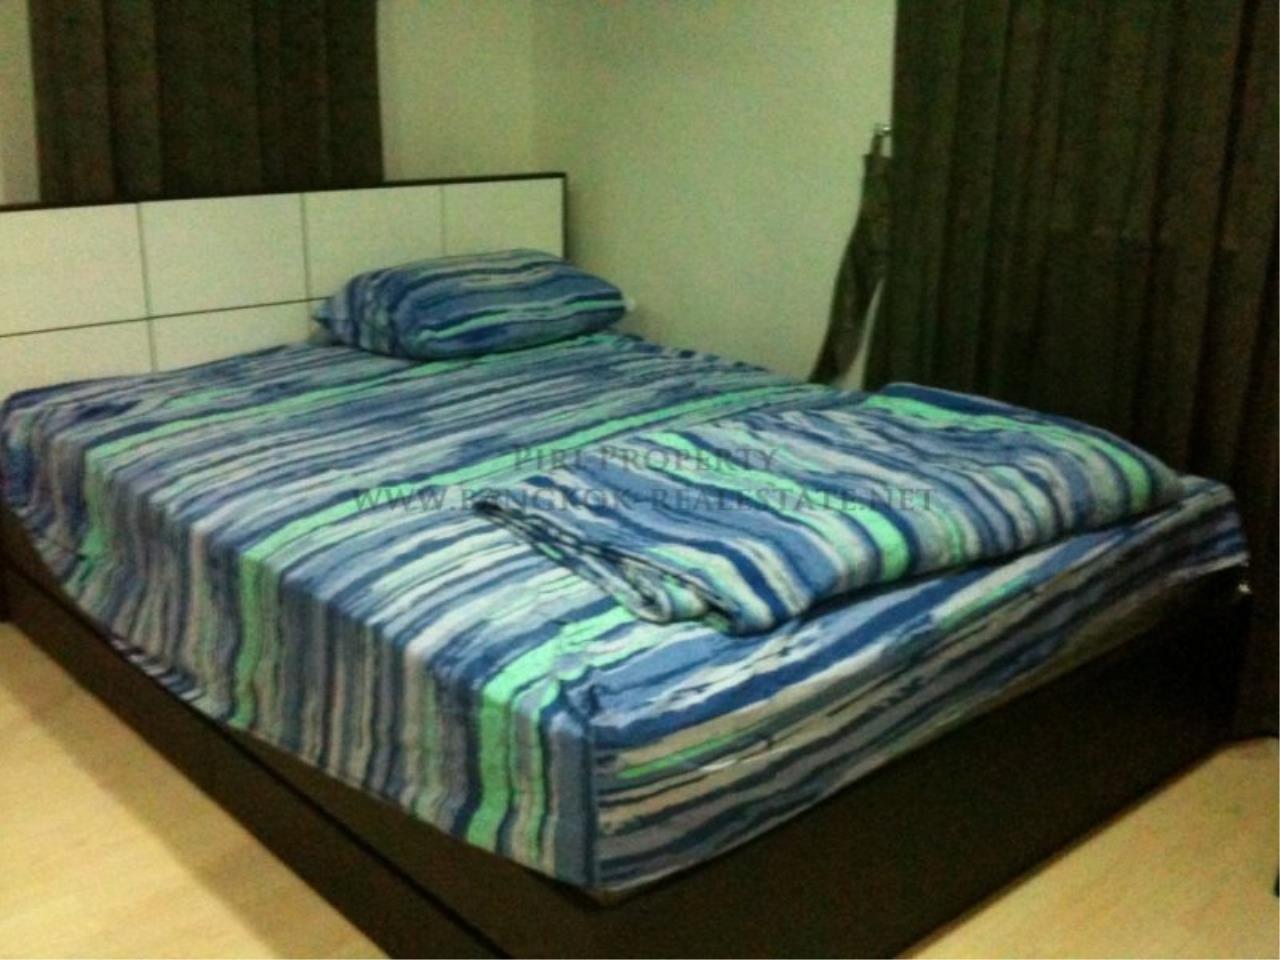 Piri Property Agency's My Resort Bangkok - Condo on 19th Floor for rent 1
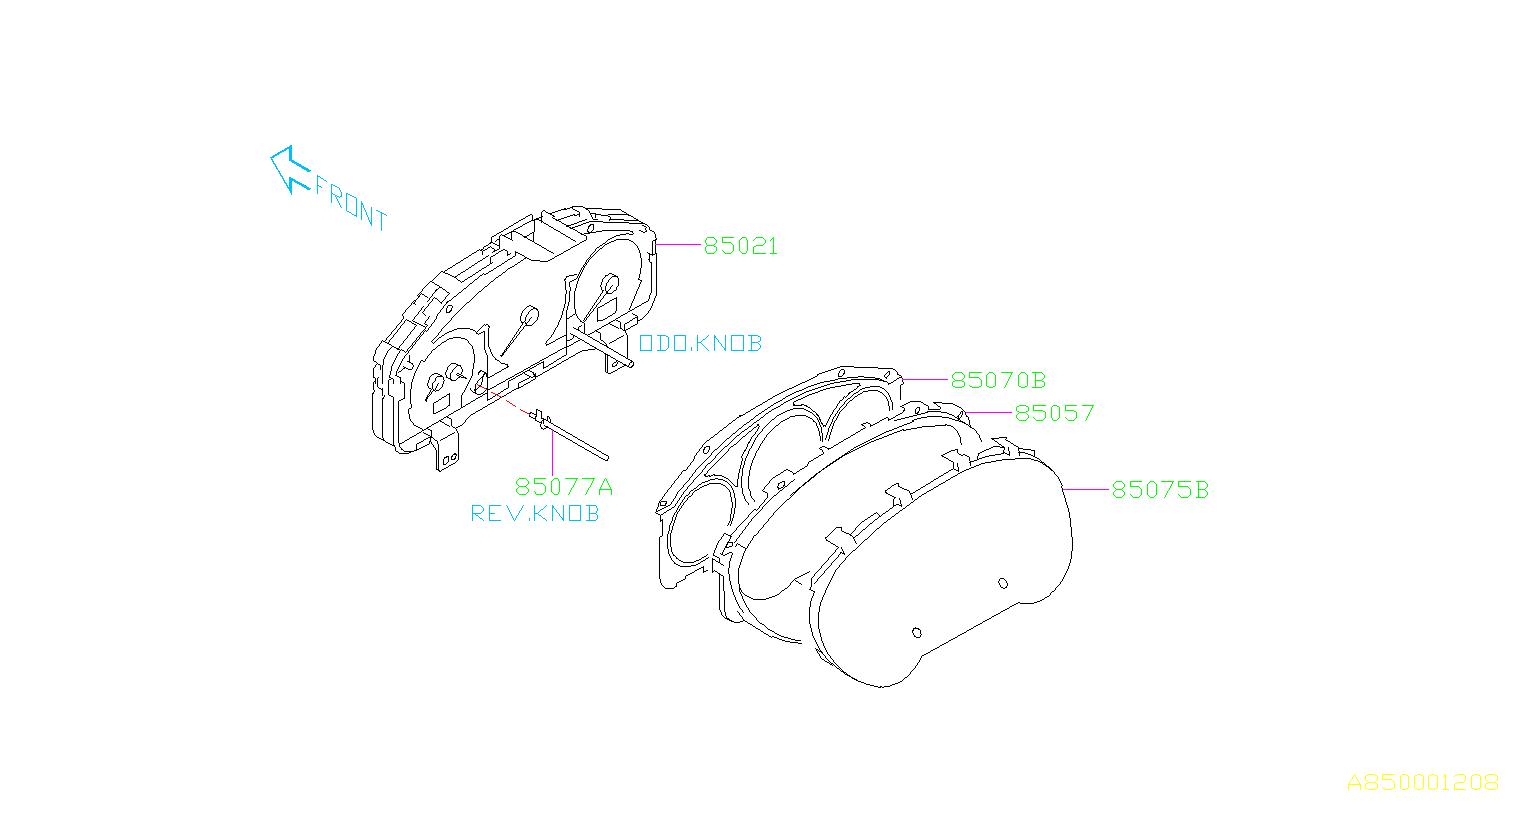 Subaru Impreza Knob kit-combination meter. Exc, electrical
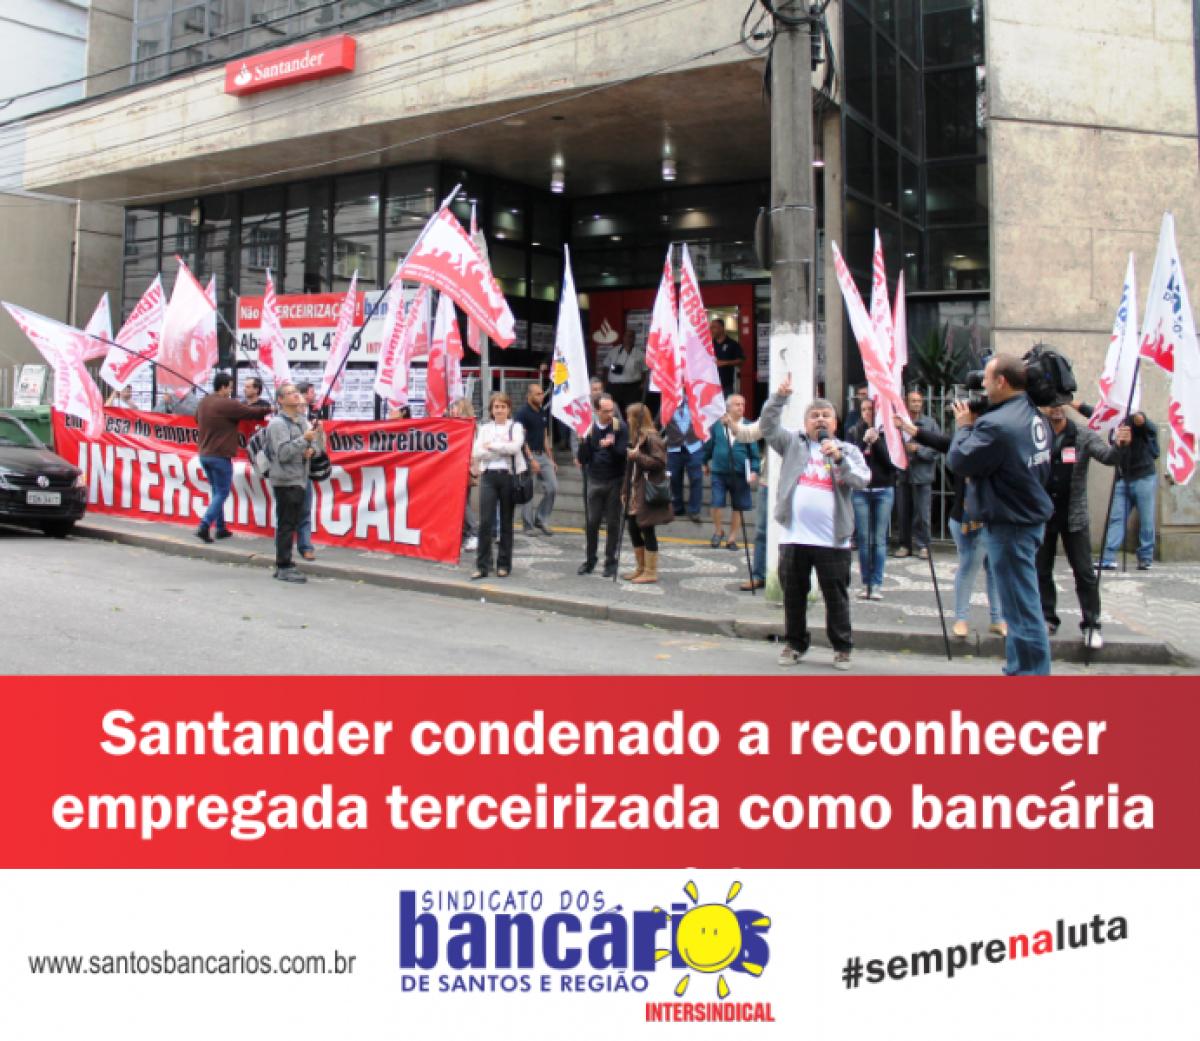 Santander condenado a reconhecer empregada terceirizada como bancária
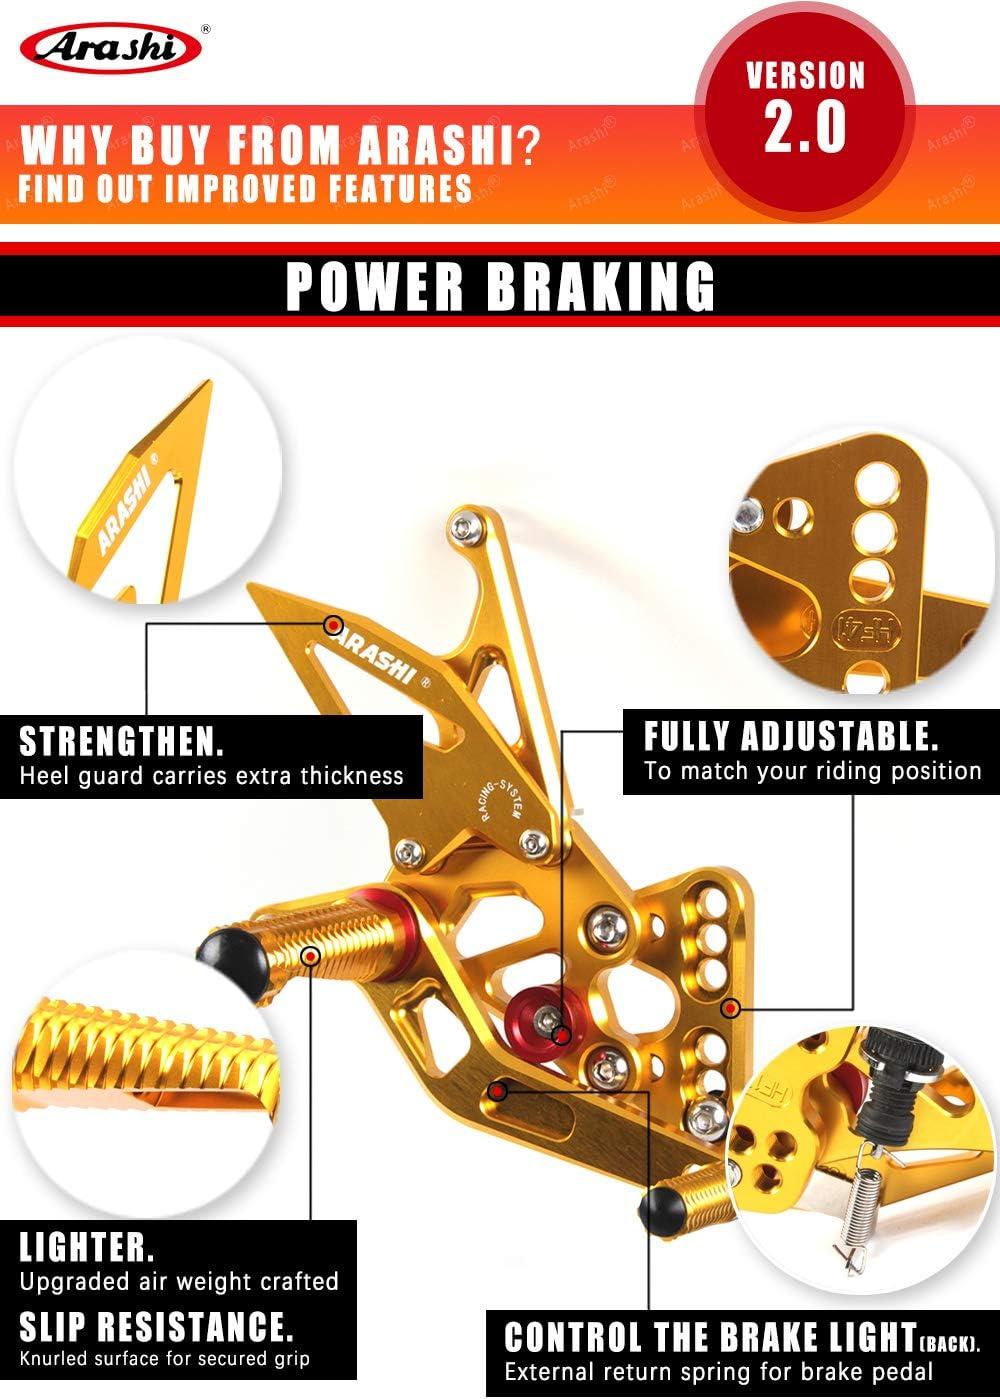 Adjustable Rearsets for HONDA CBR600RR 2009-2016 ABS Motorcycle Accessories Foot Pegs Footrests Rear Set CBR 600 CBR600 RR 600RR Black 2010 2011 2012 2013 2014 2015 Arashi Version 2.0

○ ○ ○ ○ ○ ○ ○

• _WHAT TO WORK ON_:
Apart from the images, please copy every line of the data exactly as written.

• _EXPECTED ANSWER_:
 Piri Property Agency's My Resort Bangkok - Condo on 19th Floor for rent 1
 Subaru Impreza Knob kit-combination meter. Exc, electrical
 Santander condenado a reconhecer empregada terceirizada como bancária
 Adjustable Rearsets for HONDA CBR600RR 2009-2016 ABS Motorcycle Accessories Foot Pegs Footrests Rear Set CBR 600 CBR600 RR 600RR Black 2010 2011 2012 2013 2014 2015 Arashi Version 2.0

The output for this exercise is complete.